Poster paper prepared by Tina Papathoma, Prof. Allison Littlejohn and Dr. Rebecca Ferguson for EARLI conference
31/08/2017 at 12:00
Main Building E – E301
Session I: 11, Professional Development and Lifelong Learning
People working within HE institutions need to learn new forms of teaching and learning practice, to transform the ways they work. This study explores the types of knowledge gained by those working in HE when they teach massive open online courses (MOOCs). Data were gathered through a case study involving interviews with six people with teaching roles on one MOOC. Data analysis used Tynjälä’s model of integrative pedagogy to identify the different types of theoretical, practical, sociocultural and self-regulative knowledge needed in order to teach in a MOOC. The analysis shows that individuals did not engage in formal training (theoretical knowledge); they learned by experience; by (re-)running the MOOC and from learners’ feedback (practical knowledge).
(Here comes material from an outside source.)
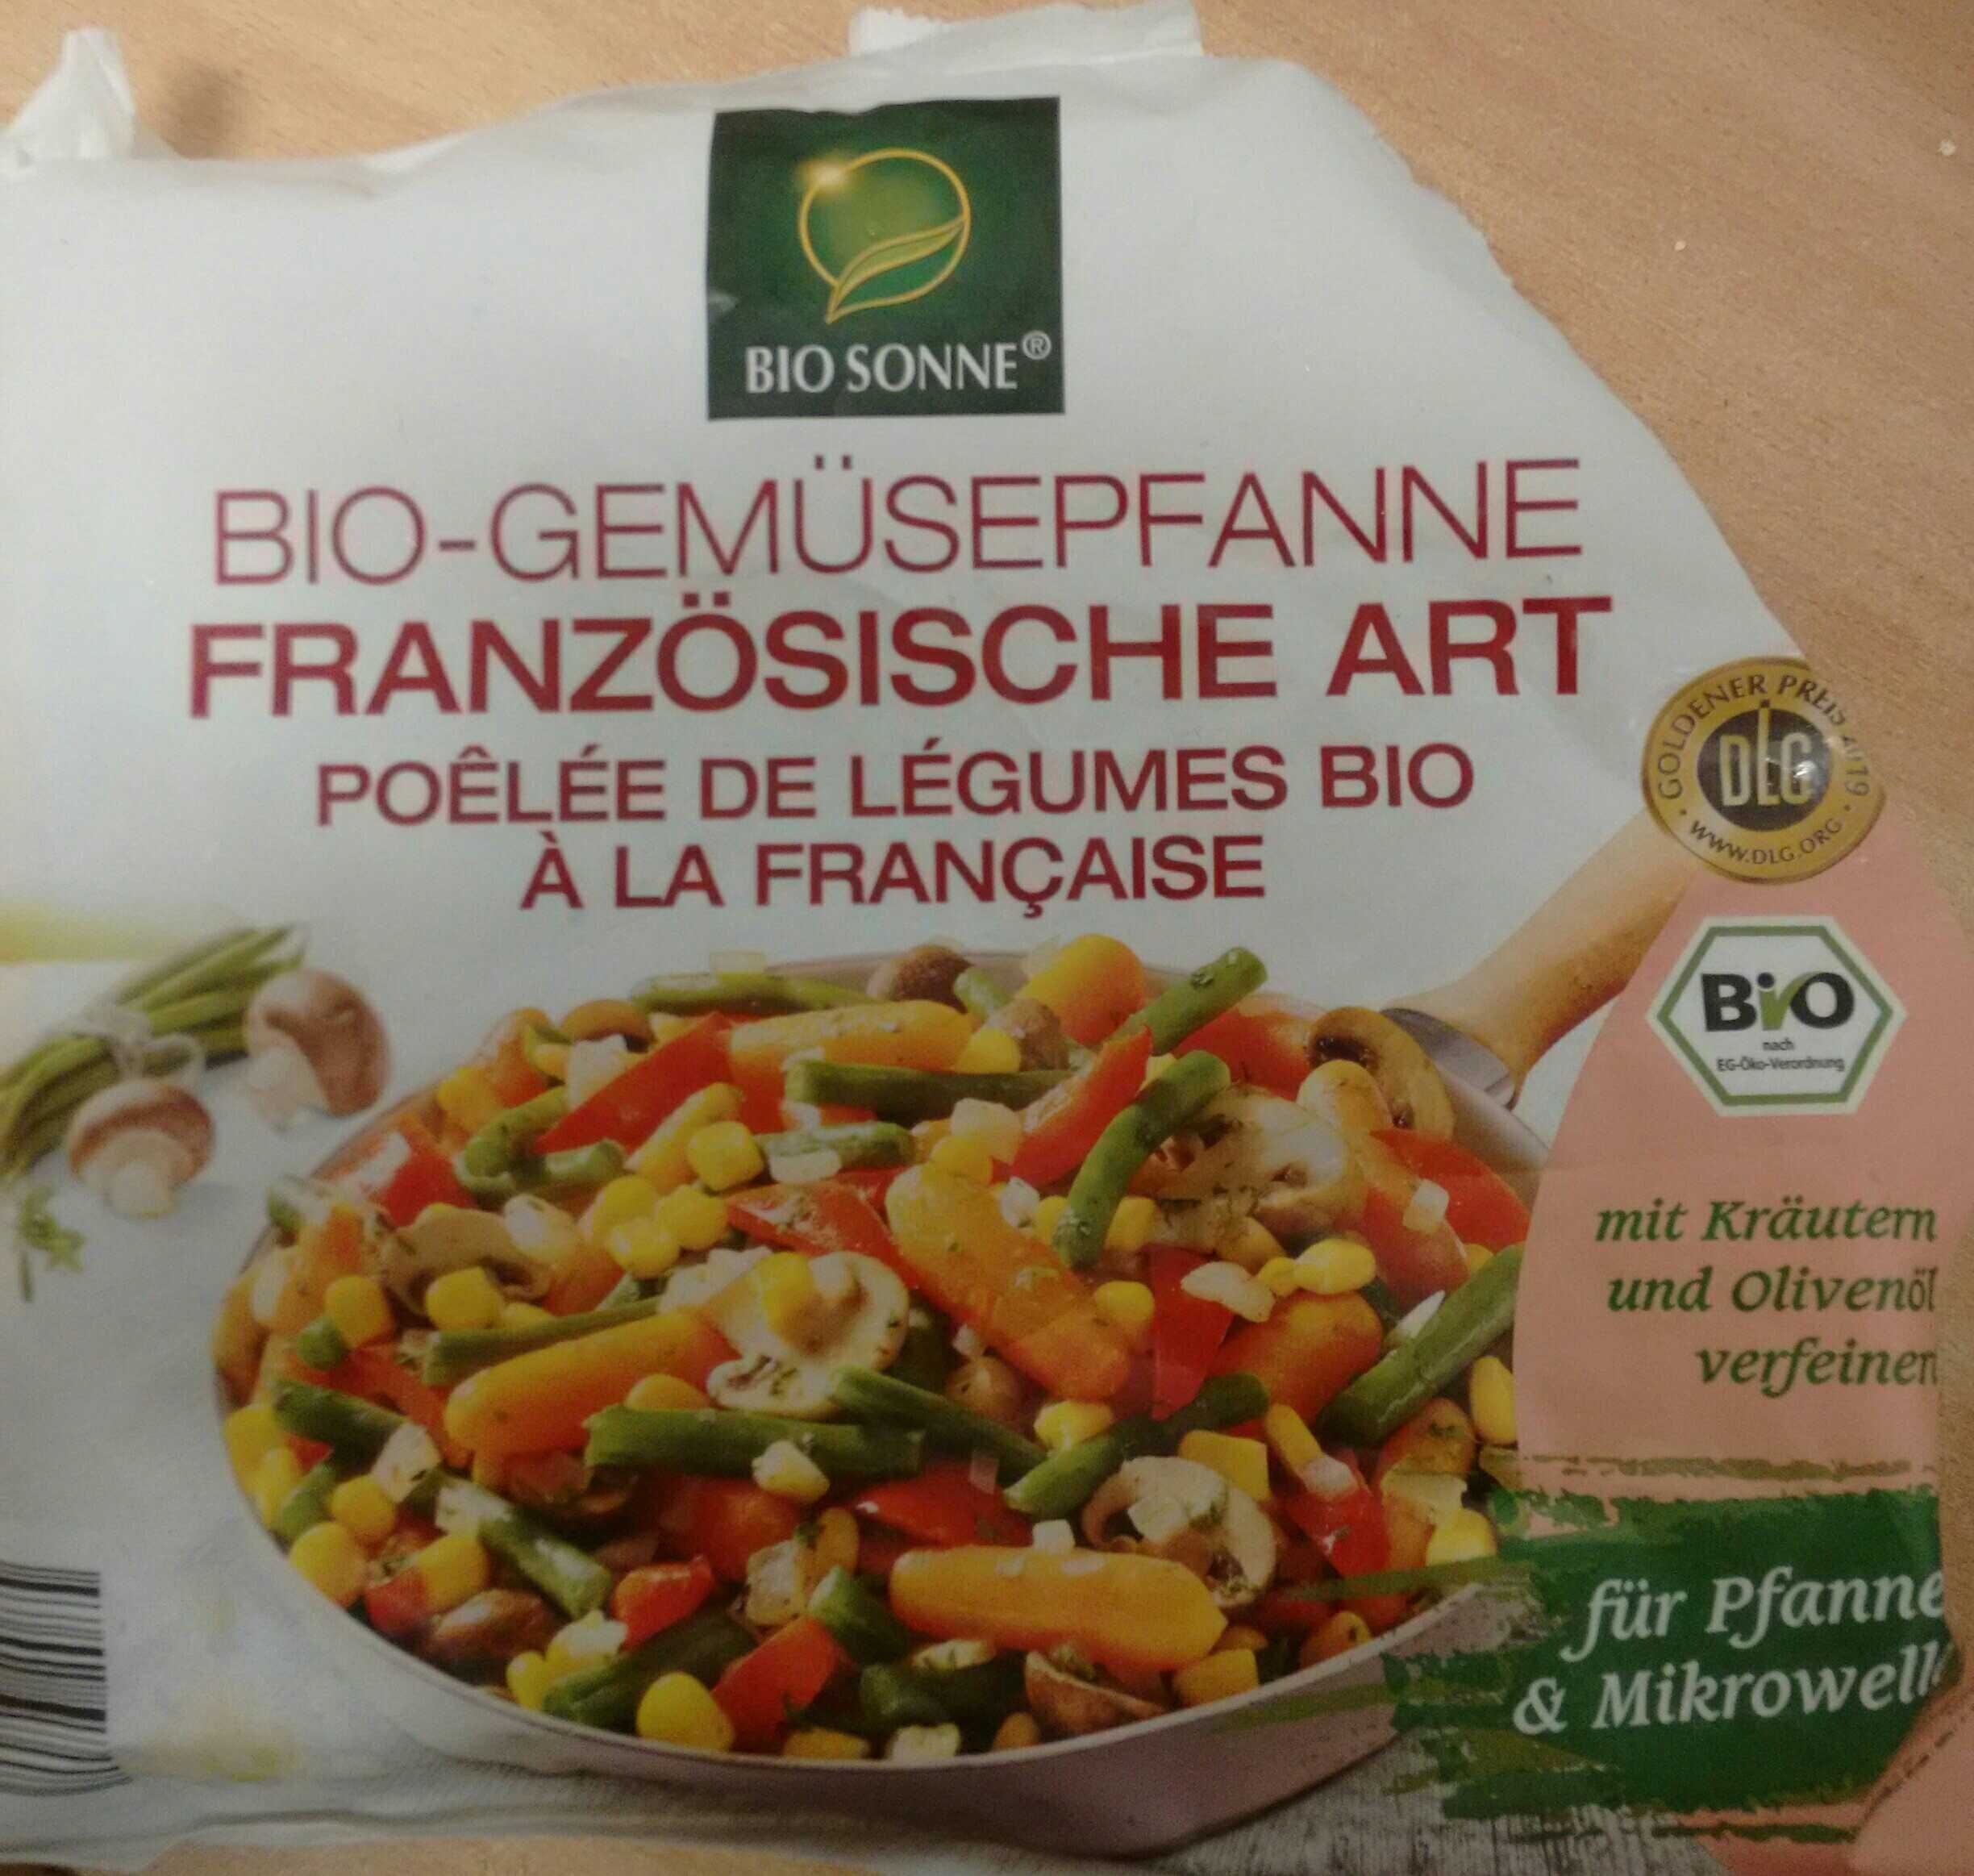 Bio-Gemüsepfanne französische Art - Produkt - en

They also reflected on their learning experience, on their contact with different cultures, on engaging with ideas from other MOOCs and people (self-regulative knowledge). They worked collaboratively, sharing expertise, but sometimes found communication with colleagues was difficult (sociocultural knowledge). When they faced challenges they integrated theoretical, practical and self-regulative knowledge to solve problems (mediating processes).